One thing not to overlook here is that this goes far beyond English-language content; these books will be useful well-beyond the English speaking world. There is going to be tons and tons of non-English material in this collection. I can recall shelves and shelves of books in Polish, Chinese, Russian, German, French, etc. wandering Memorial Library stacks in Madison. I imagine that American university libraries are the most effective place to start for collections that span the world's corpus of written works.

Lorcan Dempsey sees this as a big step. He rightly points out that with this comprehensive data, Google is going to be able to build services that no one else can:

However, as we are beginning to see on Google Book Search, we are really going beyond 'retrieval as we have known it' in significant ways. Google is mining its assembled resources - in Scholar, in web pages, in books - to create relationships between items and to identify people and places.

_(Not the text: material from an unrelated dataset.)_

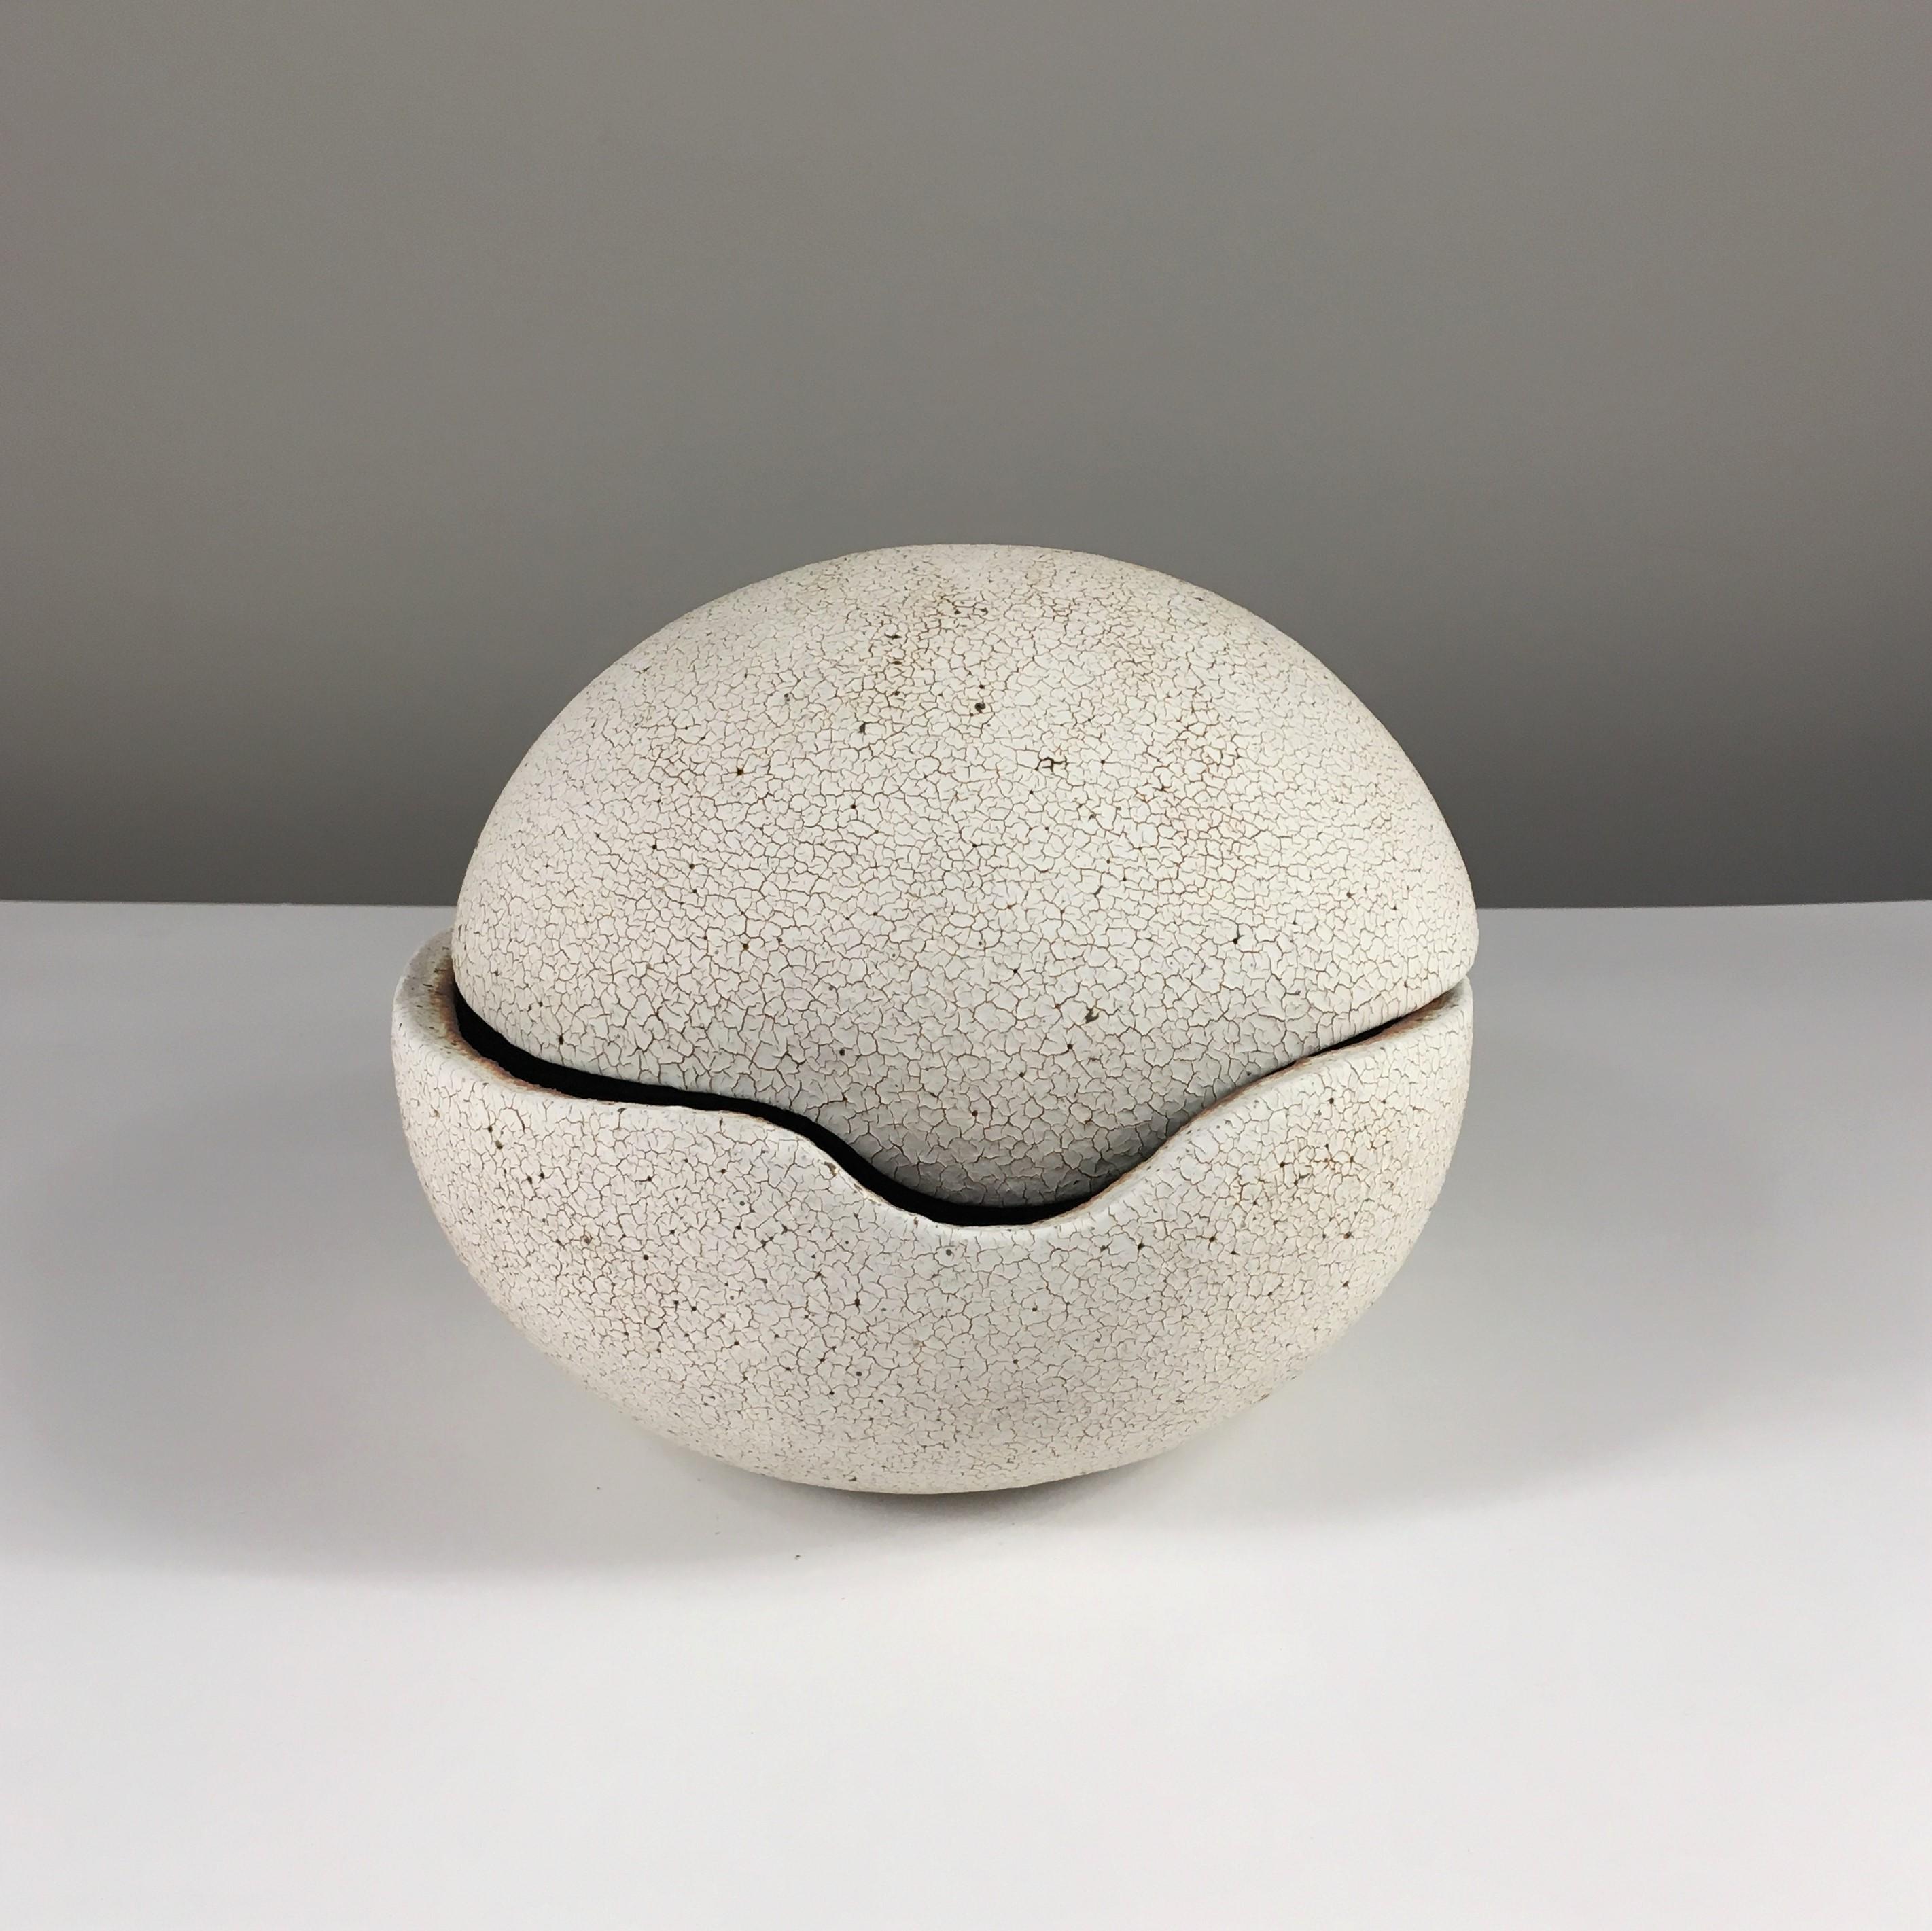 Ceramic Covered Orb by Yumiko Kuga. Dimensions:  Width 6.5

So we are seeing related editions pulled together, items associated with reviews, items associated with items to which they refer, and so on. As the mass of material grows and as approaches are refined this service will get better. And it will get better in ways that are very difficult for other parties to emulate.
By "other parties" I think we can read OCLC, who is doing their best to leverage all of the data in WorldCat to develop structured relationships between intellectual works, their authors, and subjects. Will Google learn to do FRBR before OCLC does?

The libraries that are party to this deal get to keep the digitize texts and do their own things with it. Will this give these big universities a "strategic advantage" over some of their competitors? Does this mean that size still can matter in the networked environment? This reminds me a little of the NITLE initiative, the original intent of which was to overcome the disadvantage of small sized liberal arts Colleges in the information technology arena. Here's an example of an area in which us small folks can't compete--we just don't have much unique material in our libraries. But I guess the point is that everyone can access this stuff to some extent through Google.

Monday, June 4, 2007

tweaking Google search

NYT has a nice piece that goes inside Google's 'inner sanctum': the search quality department. It gives you some illustration of how worked-through search is in Google, and how far ahead of the competition that they are.

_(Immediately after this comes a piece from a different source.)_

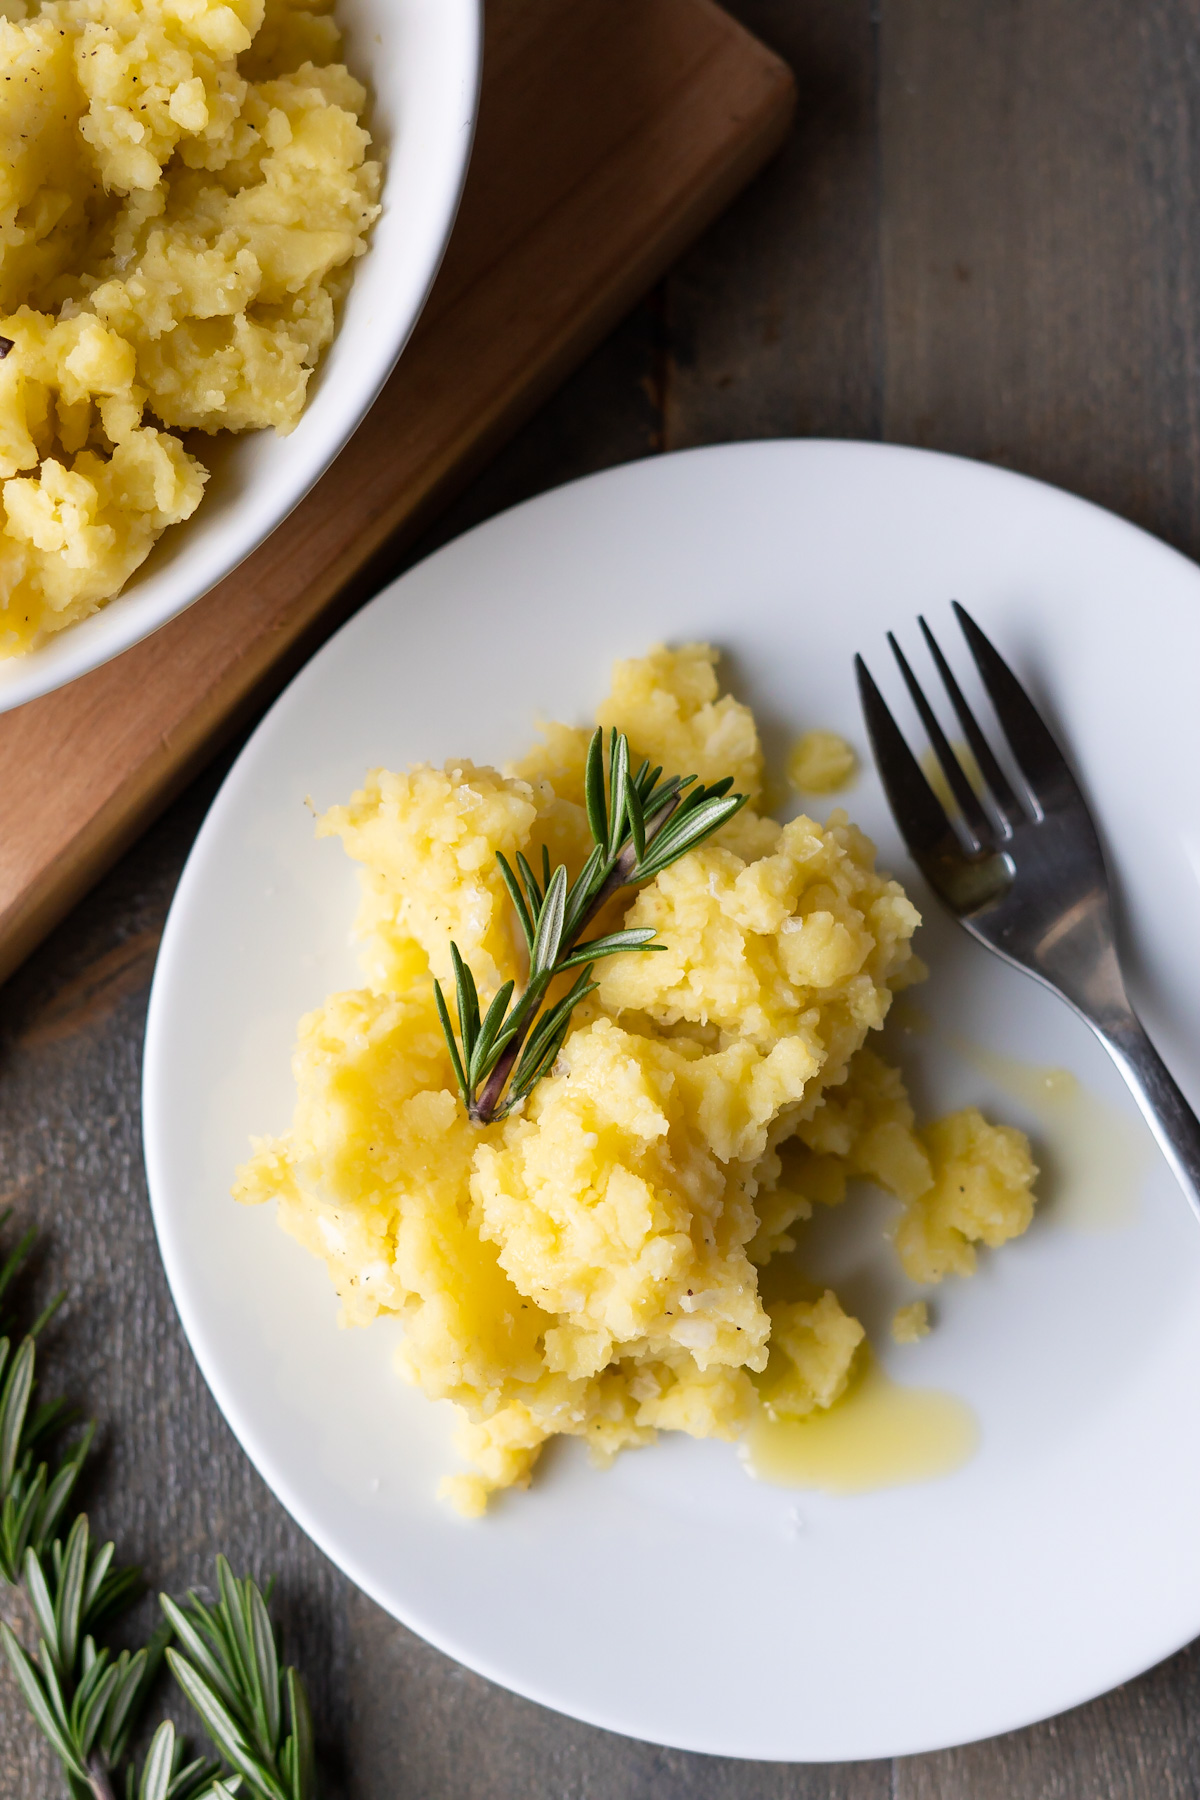 A serving of olive oil mashed potatoes on a plate, garnished with fresh rosemary.

At one point, they discuss the impressions of a recent recruit from Amazon to the department:

When he arrived and began to look inside the company’s black boxes, he says, he was surprised that Google’s methods were so far ahead of those of academic researchers and corporate rivals.

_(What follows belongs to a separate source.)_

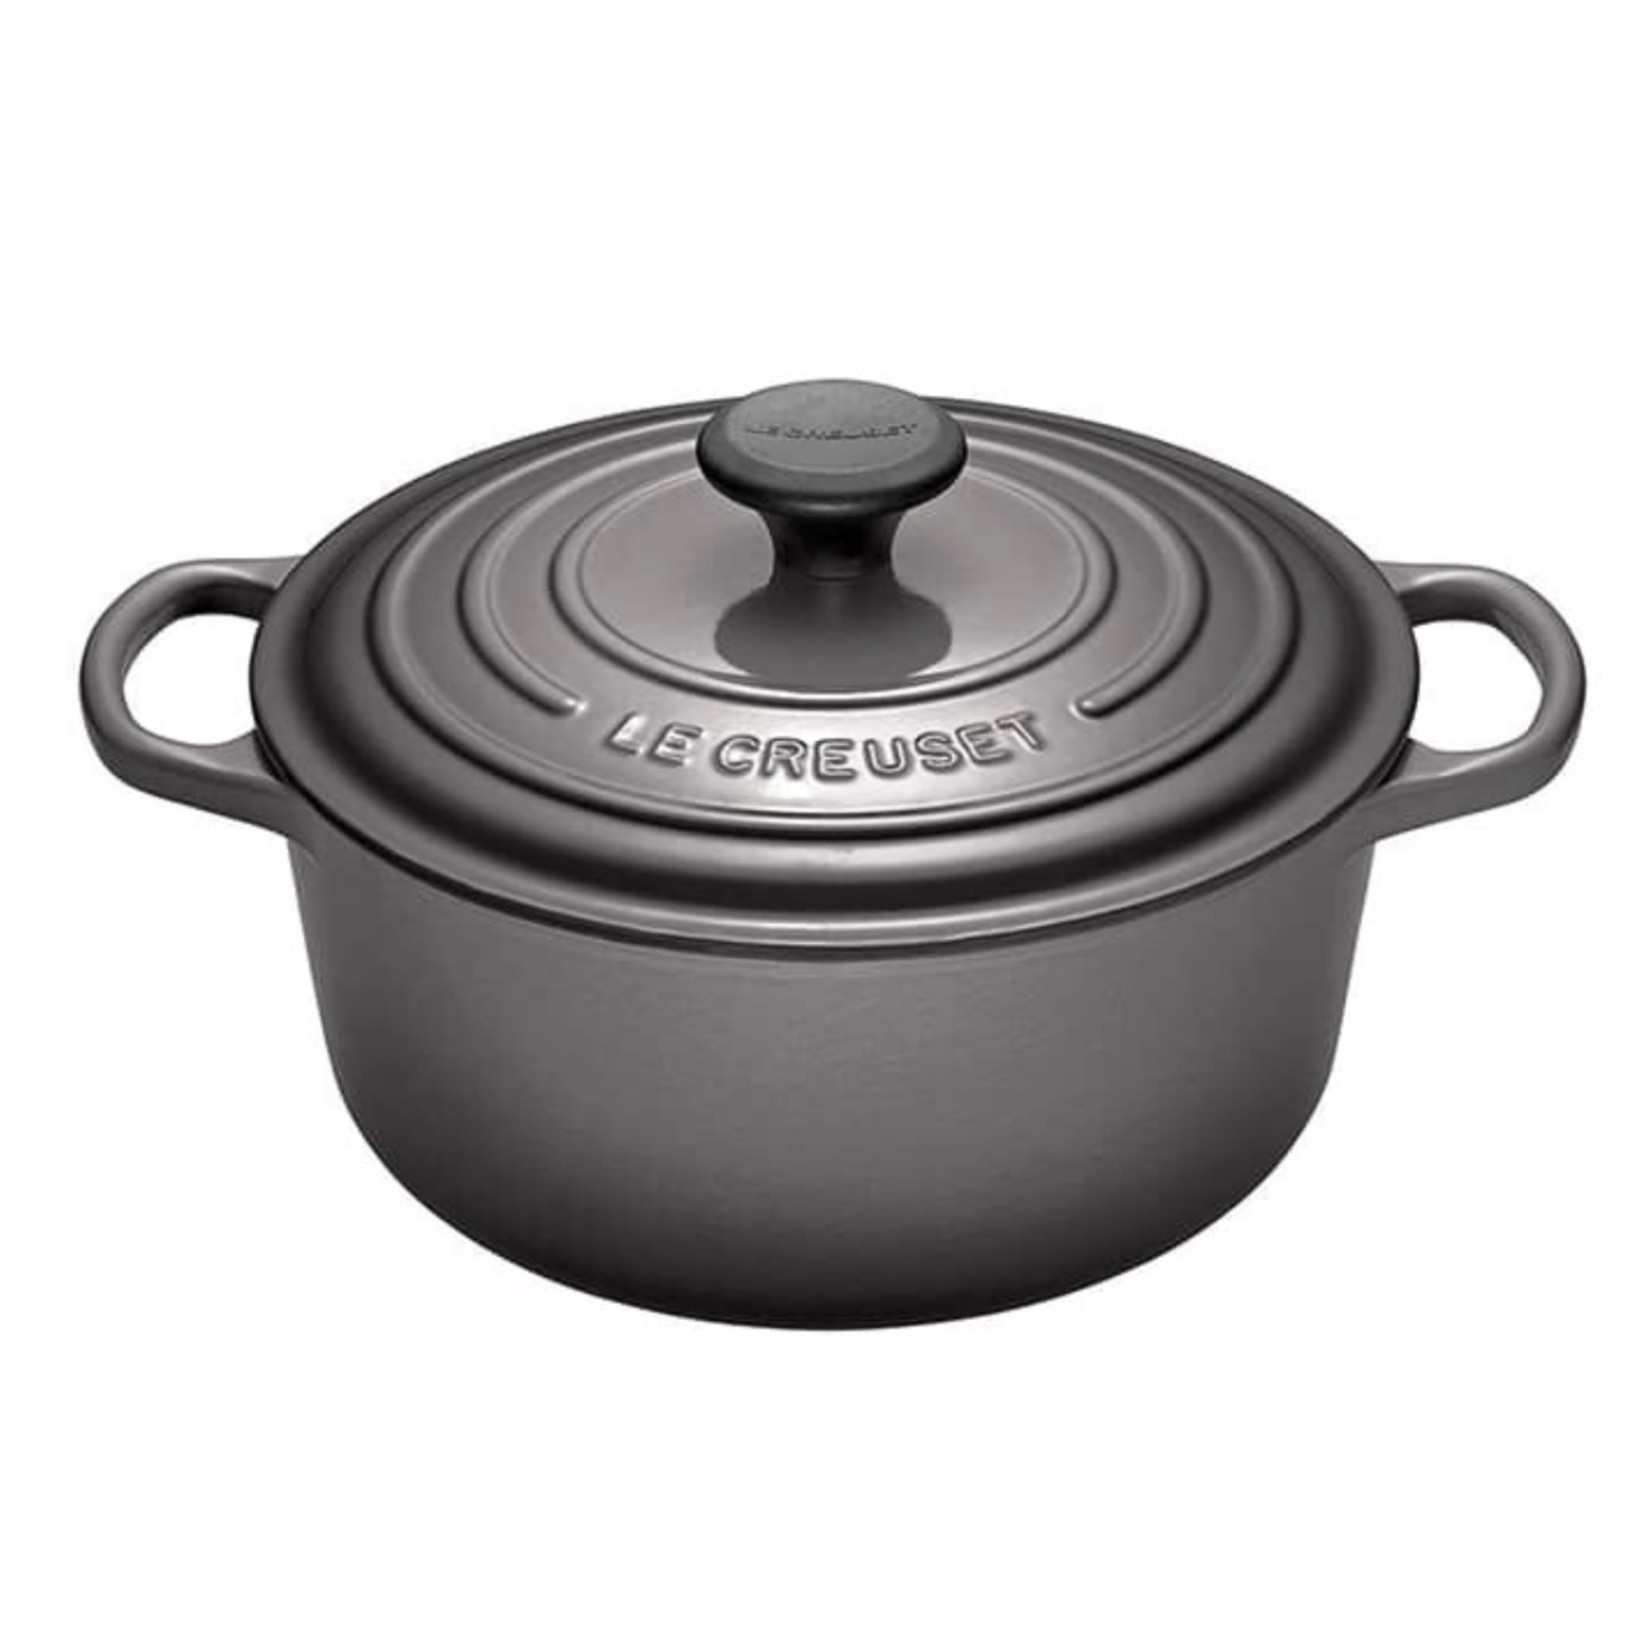 LE CREUSET LE CREUSET Round French Oven 3.3L

“I spent the first three months saying, ‘I have an idea,’ ” he recalls. “And they’d say, ‘We’ve thought of that and it’s already in there,’ or ‘It doesn’t work.’ ”

I think the best thing that we can do in academic libraries is try to co-opt this technology for our more focused purposes. I hope Google can keep their systems open enough for us to do this.

One small way we're thinking about doing this is including Google Book Search results on our OPAC search results page using their AJAX search API. Here's hoping that they soon add Scholar support for the search API.

Friday, June 1, 2007

future of textbooks

A government report on the future of textbooks proposes a new model for assembling copyrighted study material for courses. According to the Chronicle of Higher Ed., the Advisory Committee on Student Financial Assistance,
proposes the creation of a "national digital marketplace" that would allow instructors to select and students to buy custom-designed texts -- a chapter from one book, a case study from another -- while protecting fair-use allowances and publishers' copyrights.
This could effectively replace much of library course reserves as we know it. Yet another example of "taking it to the network level." This time, it's nice to see it coming from a group concerned about reducing costs for students.